[THE DATA]:
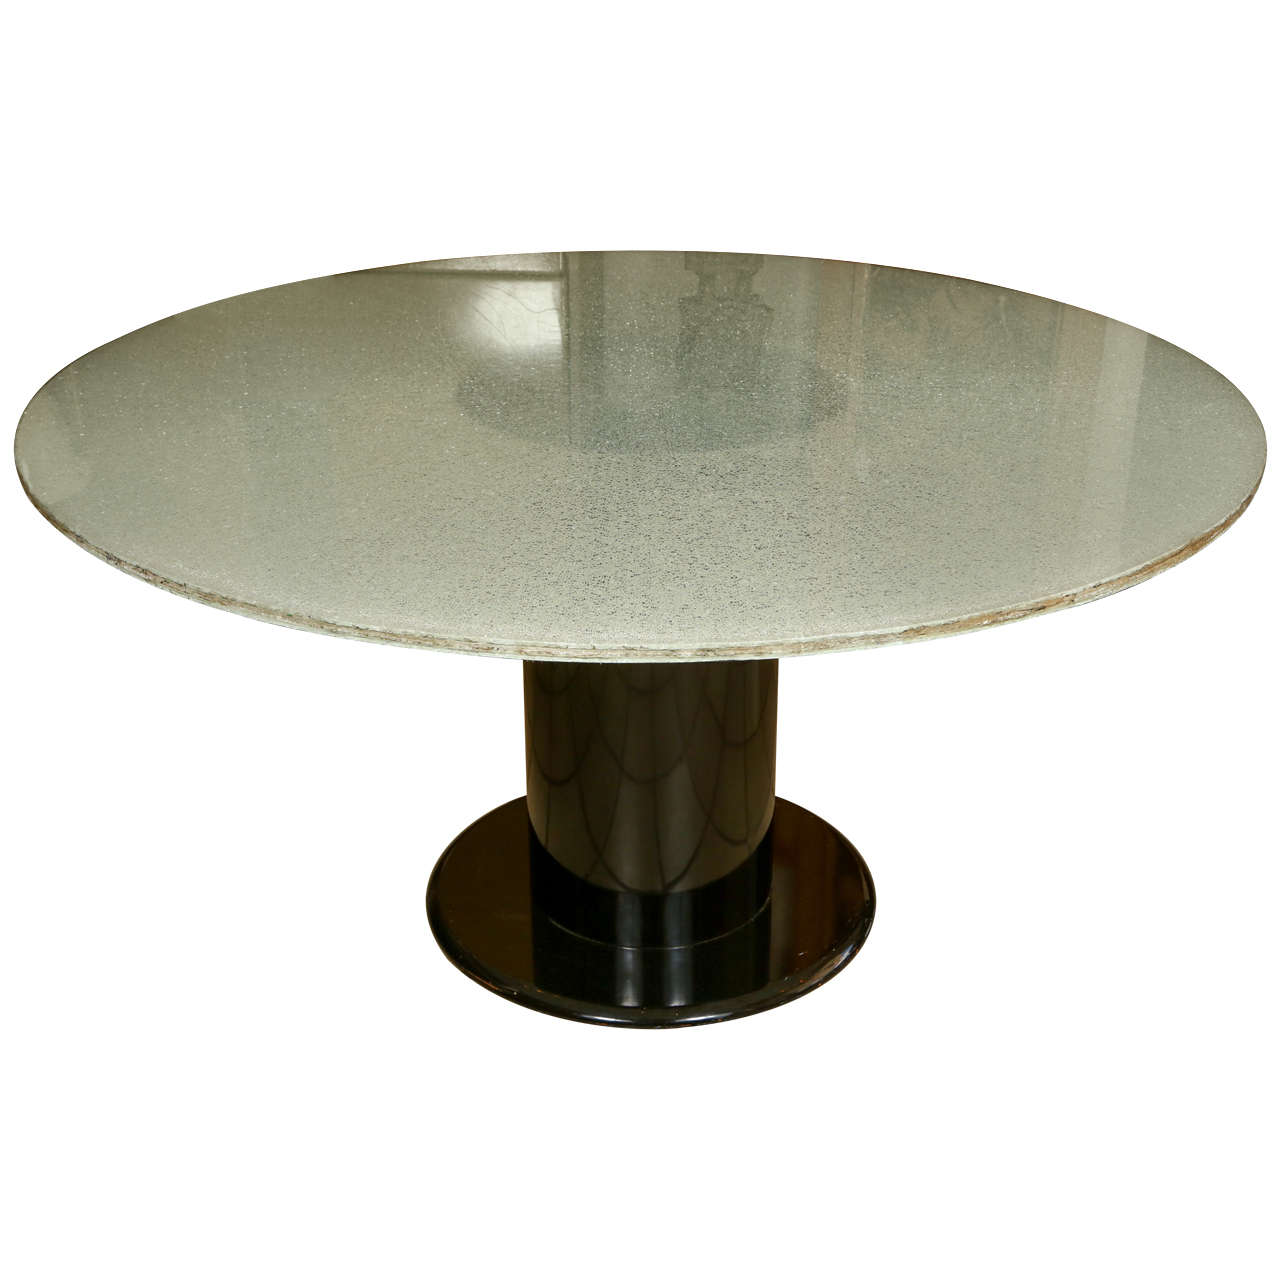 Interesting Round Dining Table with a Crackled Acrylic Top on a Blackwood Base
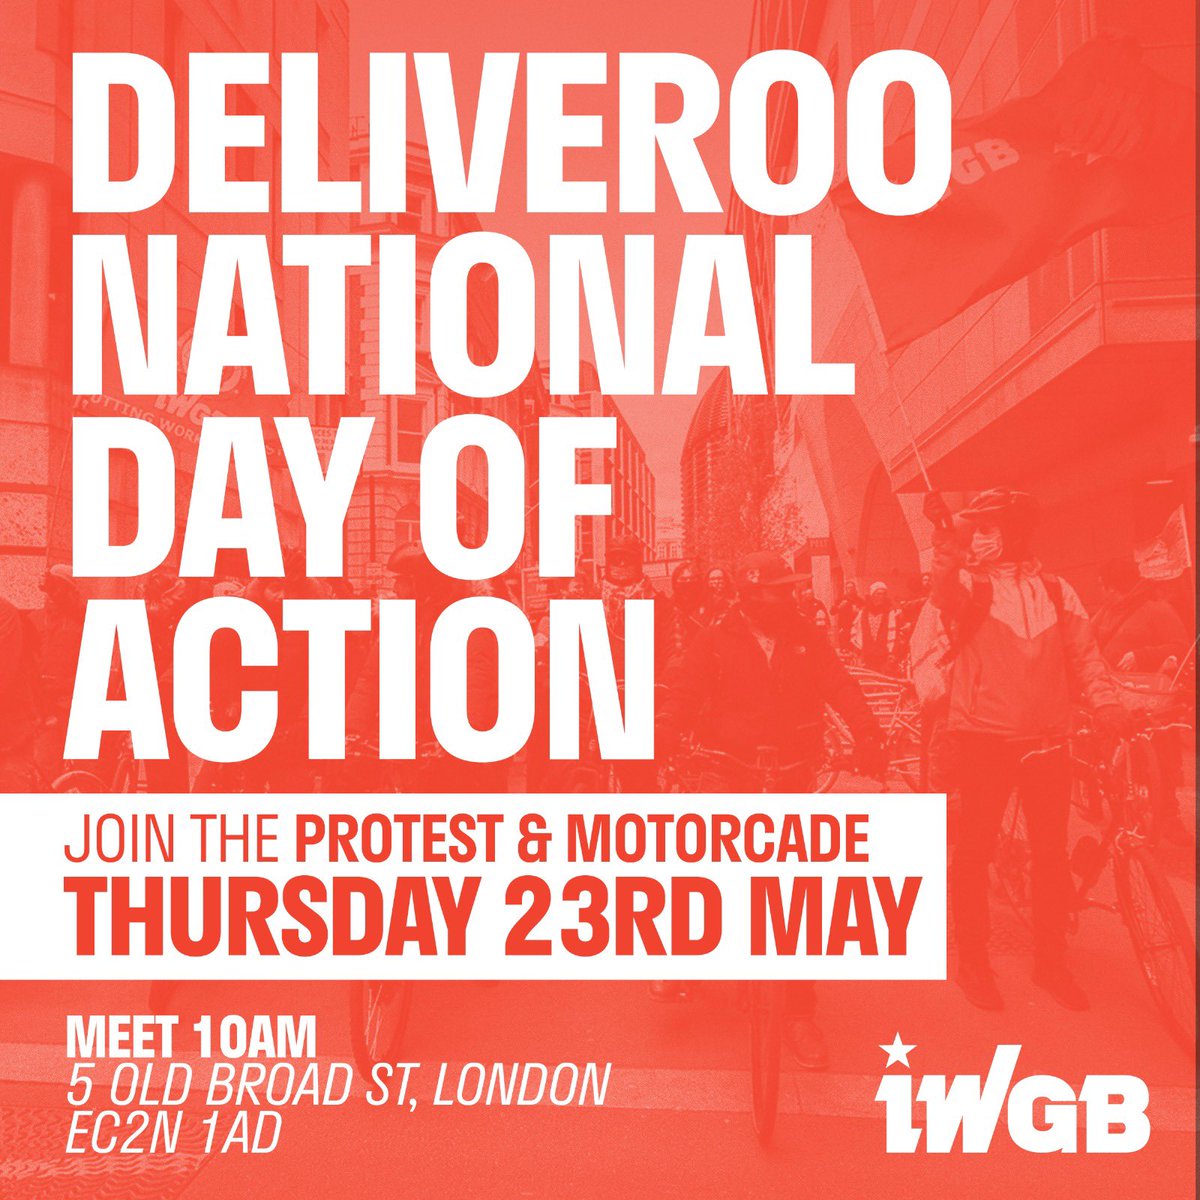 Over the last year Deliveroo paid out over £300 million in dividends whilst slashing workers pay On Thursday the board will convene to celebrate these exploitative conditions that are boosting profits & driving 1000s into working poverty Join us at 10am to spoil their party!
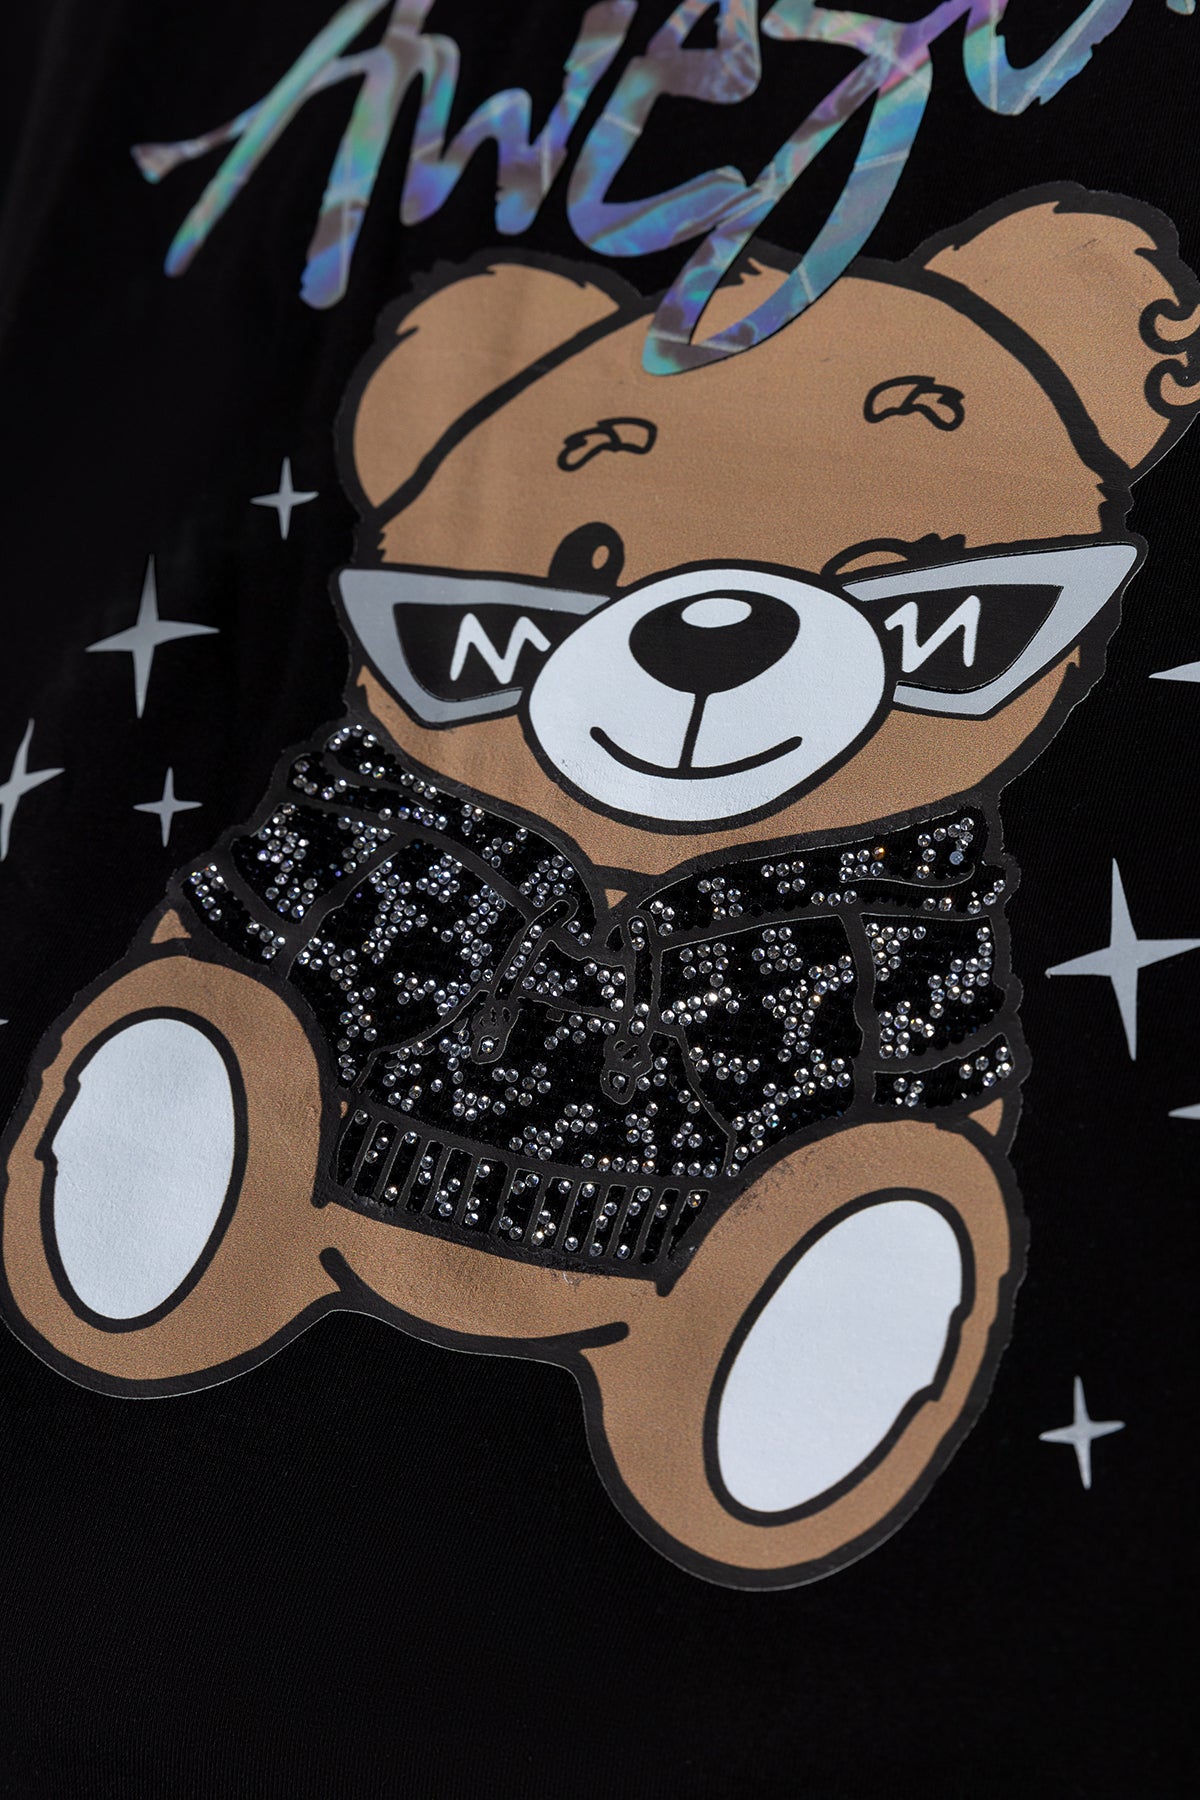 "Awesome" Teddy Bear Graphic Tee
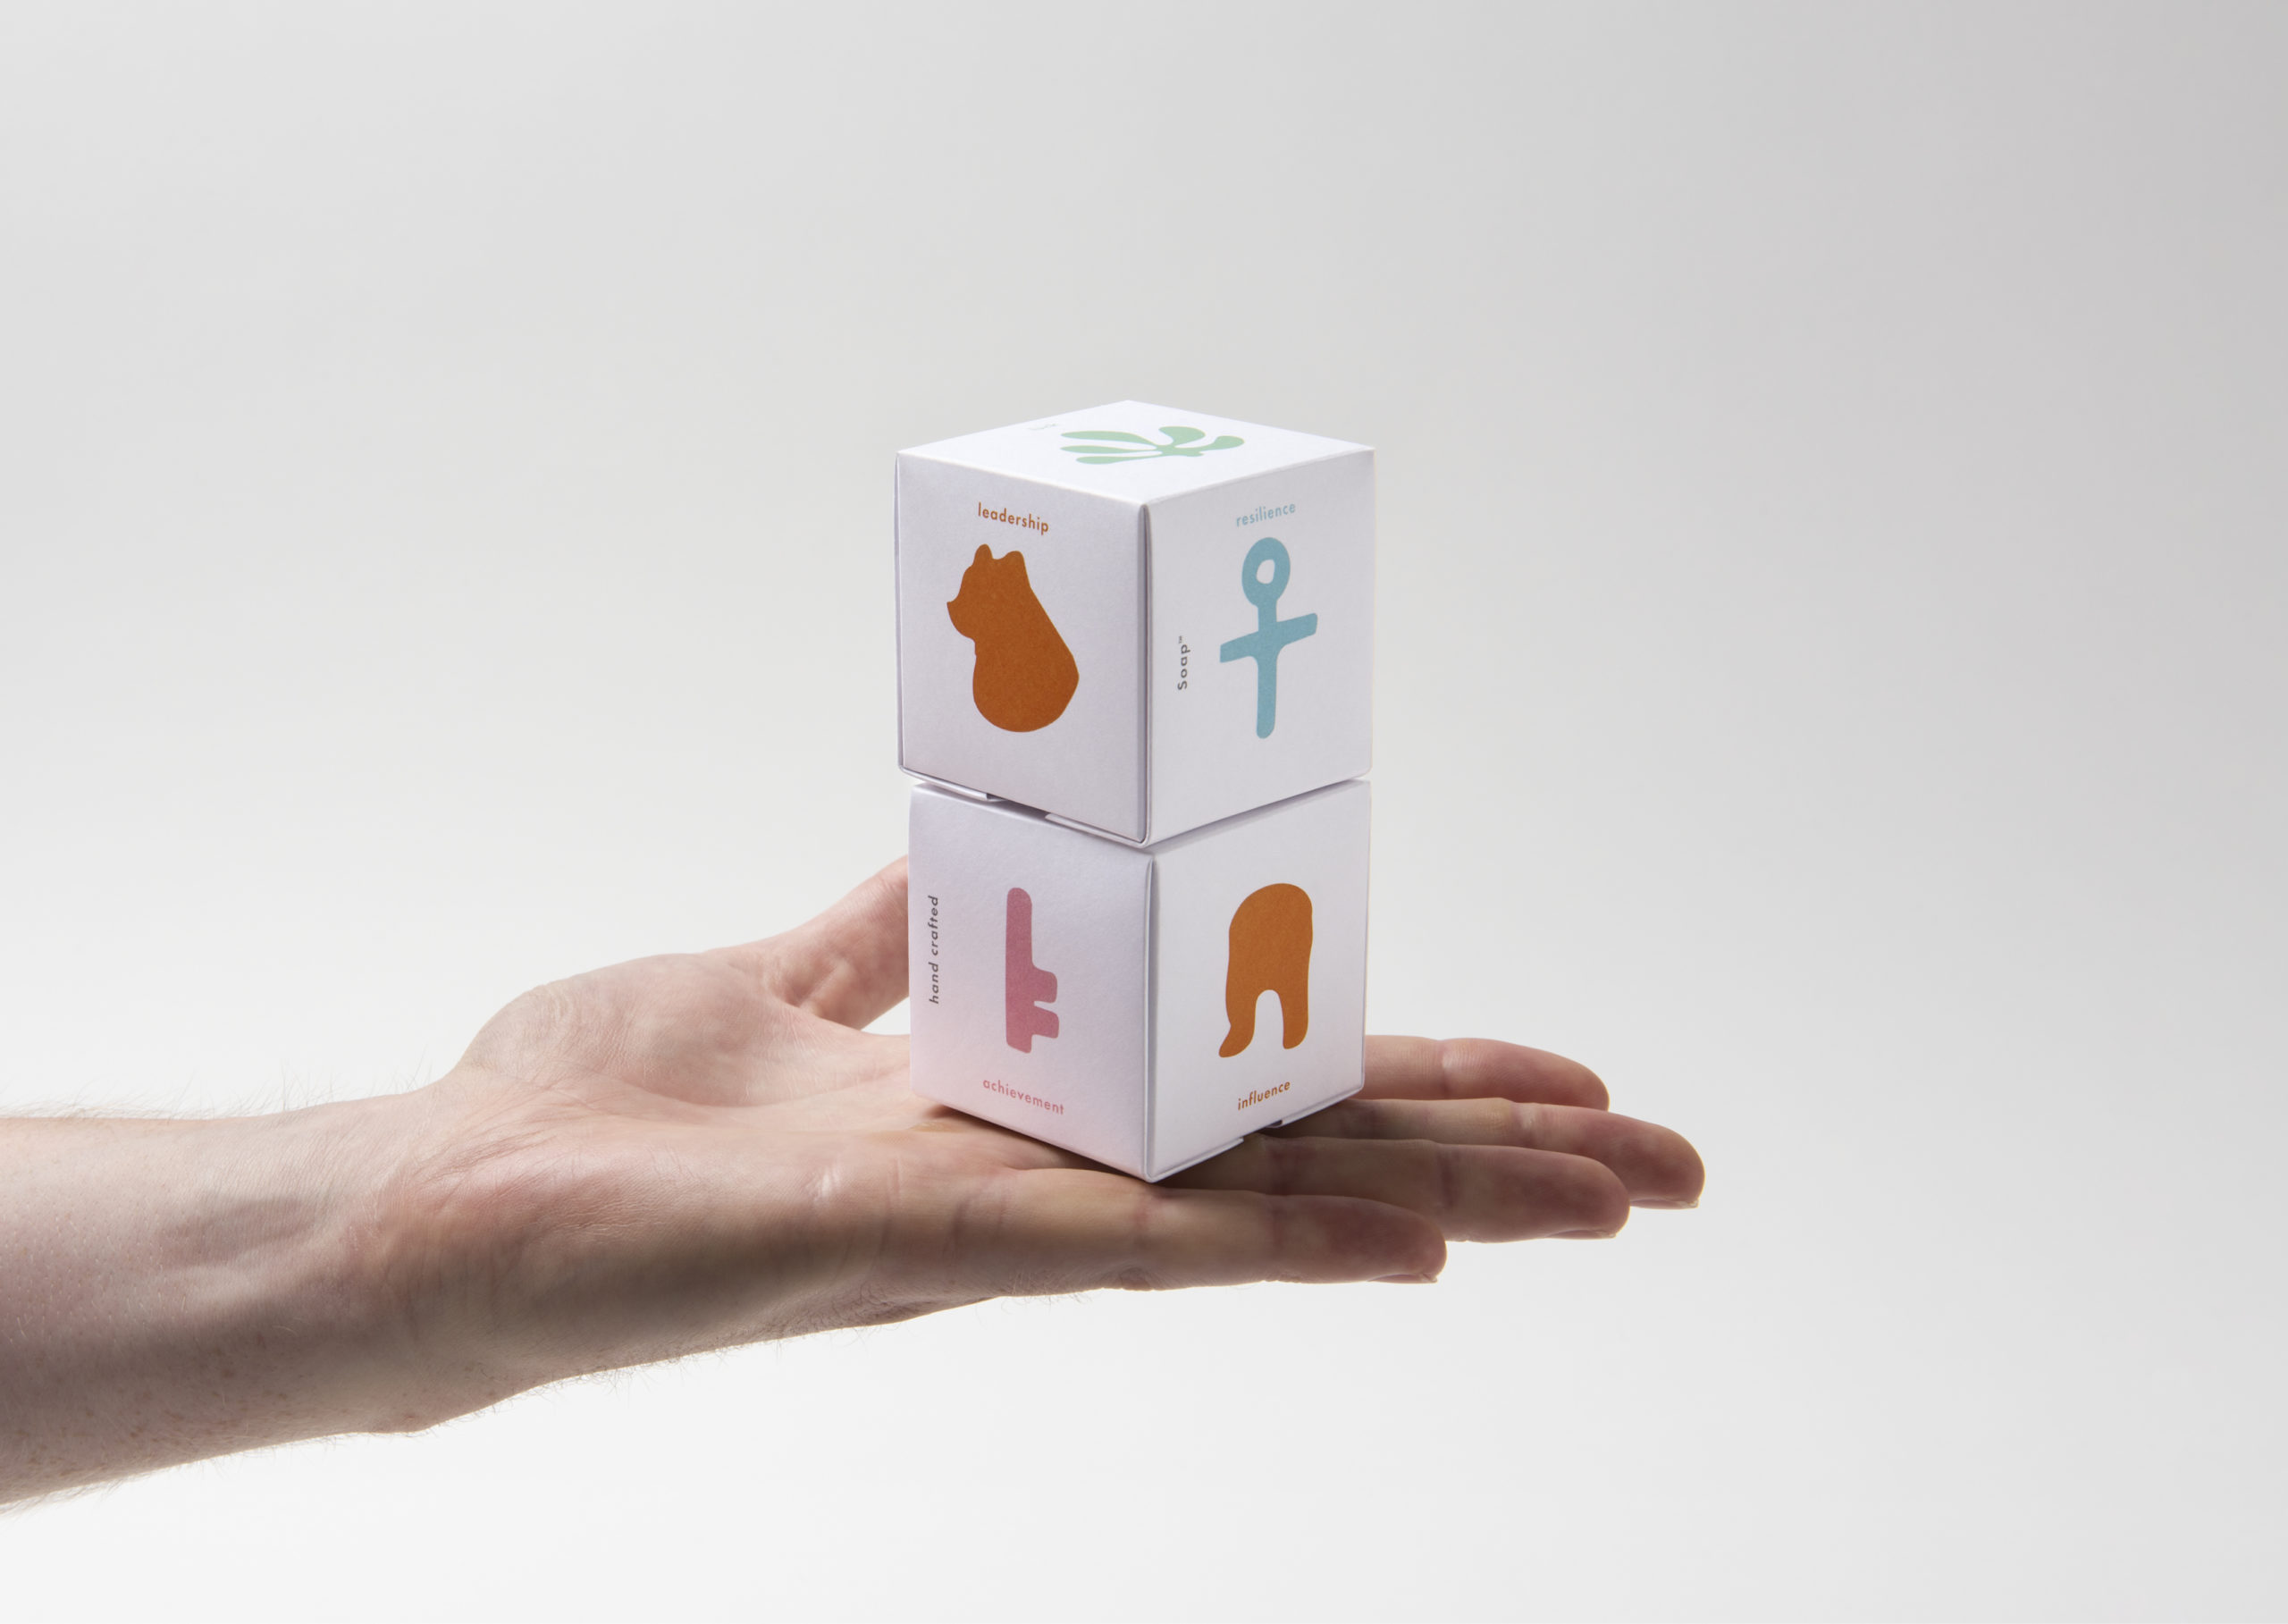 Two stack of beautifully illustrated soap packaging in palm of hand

[PROBLEM REQUIREMENTS]:
Only the lines from the one with "Bear Graphic Tee" to the end of the listing, both ends included, should be retyped exactly; no pictures belong in the copy.

[ANSWER AREA]:
 "Awesome" Teddy Bear Graphic Tee
 Two stack of beautifully illustrated soap packaging in palm of hand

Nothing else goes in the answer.